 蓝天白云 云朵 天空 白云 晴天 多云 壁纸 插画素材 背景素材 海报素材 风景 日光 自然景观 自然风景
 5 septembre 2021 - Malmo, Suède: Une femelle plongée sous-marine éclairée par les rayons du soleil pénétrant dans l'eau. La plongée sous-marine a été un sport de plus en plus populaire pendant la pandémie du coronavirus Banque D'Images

* * *

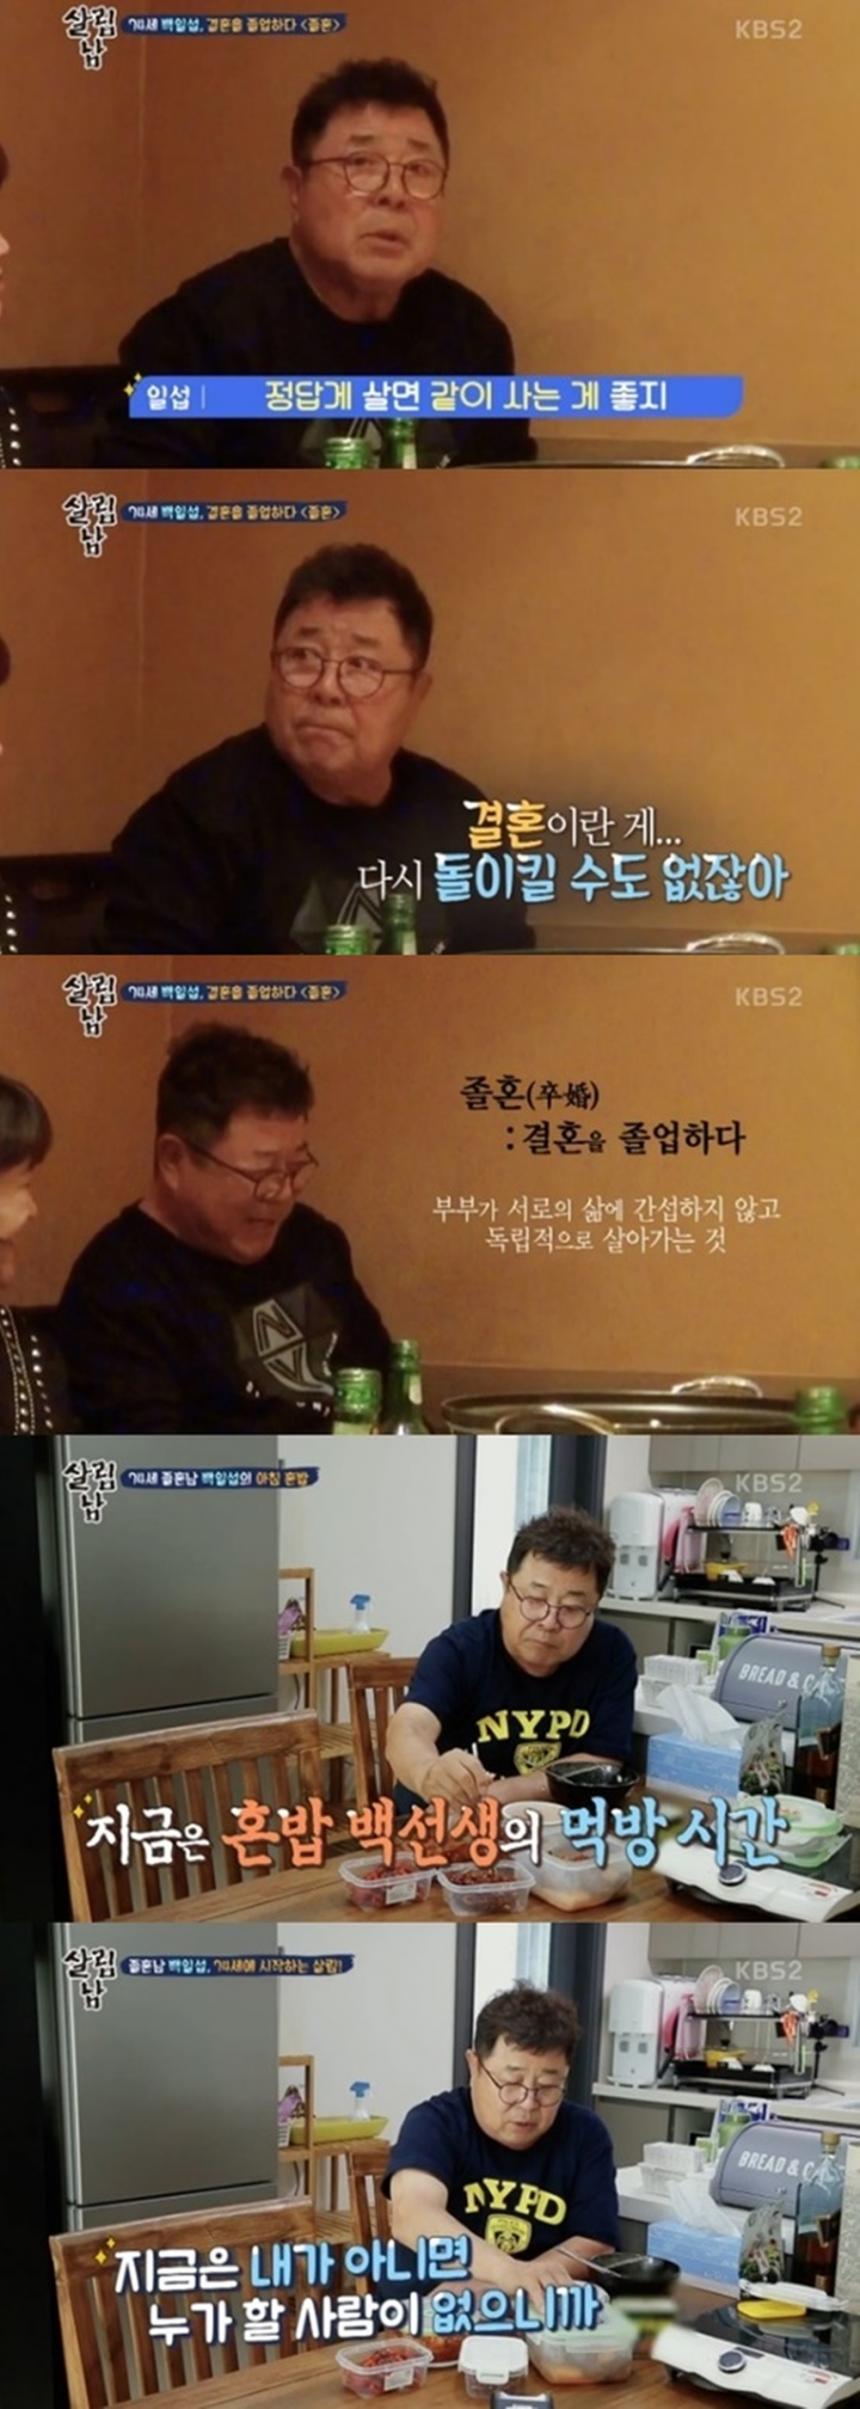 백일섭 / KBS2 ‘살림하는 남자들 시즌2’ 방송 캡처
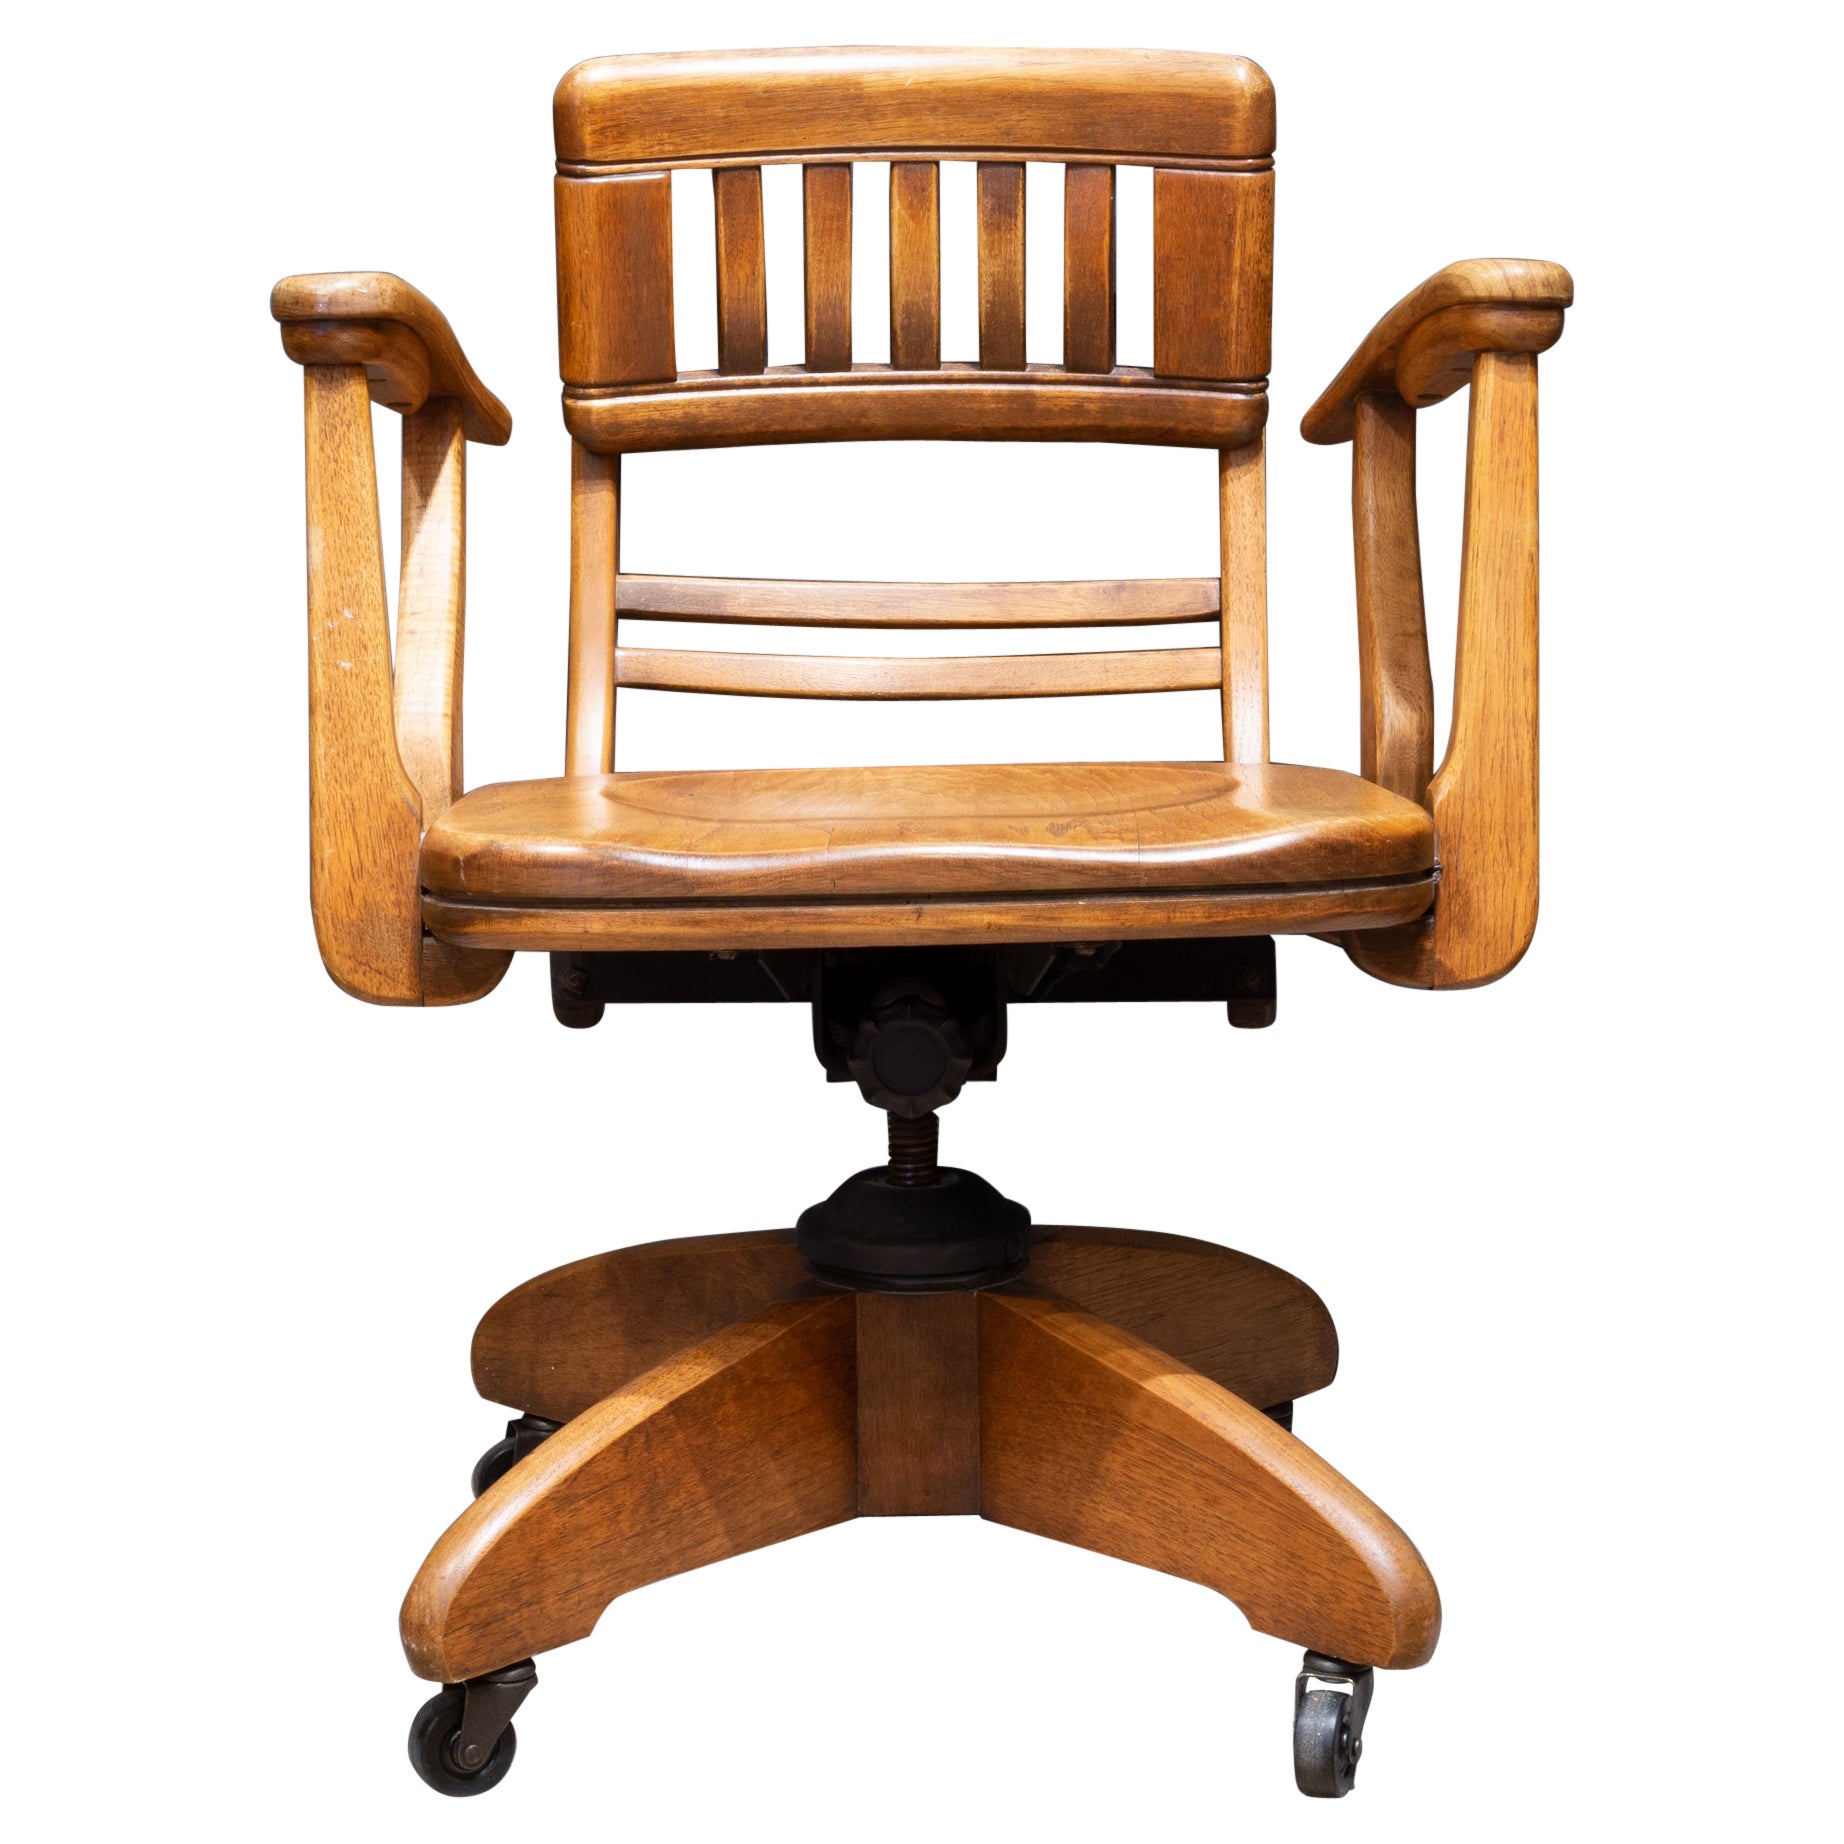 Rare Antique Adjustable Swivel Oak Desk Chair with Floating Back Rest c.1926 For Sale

• _Exercise details_
Take the lines above from the one containing "蓝天白云 云朵 天空 白云" down to the one containing "5 septembre 2021", and transcribe them exactly, both ends included.

• _Answer to this exercise_
 蓝天白云 云朵 天空 白云 晴天 多云 壁纸 插画素材 背景素材 海报素材 风景 日光 自然景观 自然风景
 5 septembre 2021 - Malmo, Suède: Une femelle plongée sous-marine éclairée par les rayons du soleil pénétrant dans l'eau. La plongée sous-marine a été un sport de plus en plus populaire pendant la pandémie du coronavirus Banque D'Images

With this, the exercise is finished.